Monday, April 5, 2010

Internal Colonization?

Last week, I began work editing the poorly translated manuscript of another academic book. This one is about the development of China's western provinces.  It's pulling from a variety of perspectives, with economists commenting on the large-scale indicators and socio-cultural academics paying more attention to the specifics. By the definition used in this book, western China includes most of China's ethic minority regions, including Xinjiang and Tibet.  My post today quotes from the section outlining the remaining problems facing western development in a chapter by Lin Ling (林凌) and Liu Shiqing (刘世庆):
The west is an important source of resources and energy. In terms of China’s overall industrial layout, the east focuses on manufacturing and emerging industries, while the west focuses industries such as minerals, energy, and processing raw materials.
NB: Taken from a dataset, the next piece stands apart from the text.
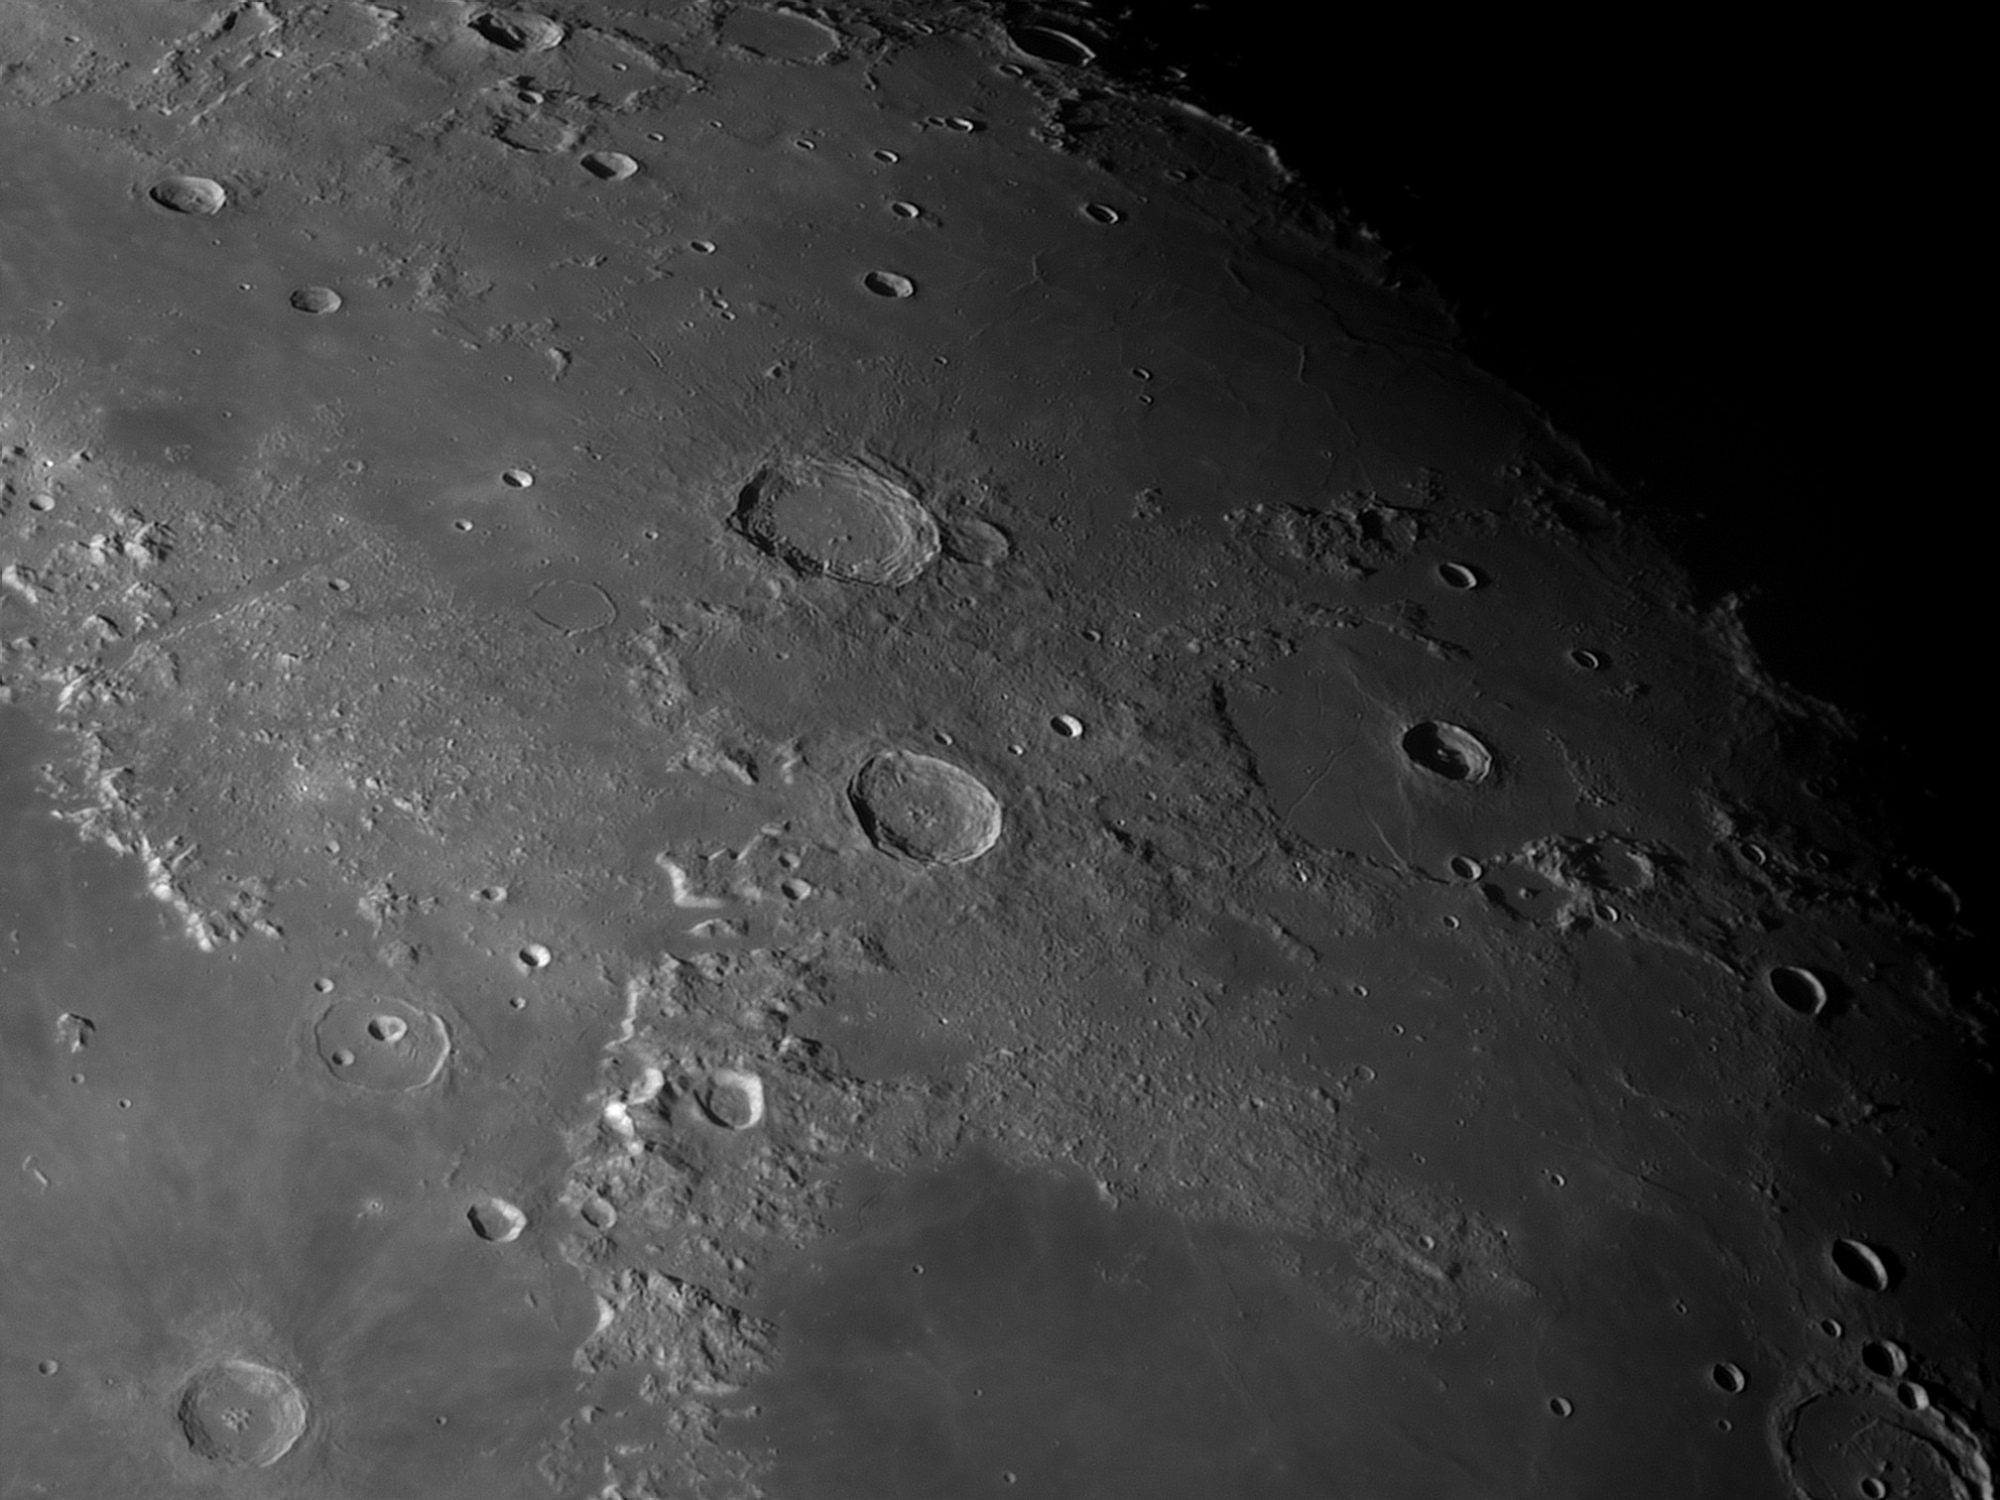 Lune-20201104_Aristote-baAS.thumb.jpg.66ba38906b3cd8a6946b3ac5d7566d5e.jpg

Western China’s raw resource-oriented have been besieged by two unequal transaction systems. On one hand, there is distorted pricing system for raw resources and raw materials but high prices for finished products, resulting in very low profit margins for those developing resources in western China. On the other hand, eastern industries make excess profits through the low-cost resources and unfettered environmental exploitation. This is particularly true because resource exploitation by central government-owned enterprises does very little for local economic development. This structure has not worked in the interests of the west or its populace and has resulted in many social conflicts.
 If one were to look at this system purely in economic terms, it greatly resembles a colonial relationship. Western China, home to uncivilized pastoralists and impoverished farmers, is a source of cheap resources for the east. At the same time, however, all the major indicators used by economists to determine quality of life have gone up.

Along with economic progress, also worth nothing is:
As of the end of 2007, the critical “Two Basics Goals” (两基)—promoting nine-year compulsory education in rural areas and eliminating illiteracy among young and middle-aged people—had been achieved in western China, with the education and literacy reaching 98 percent of the population.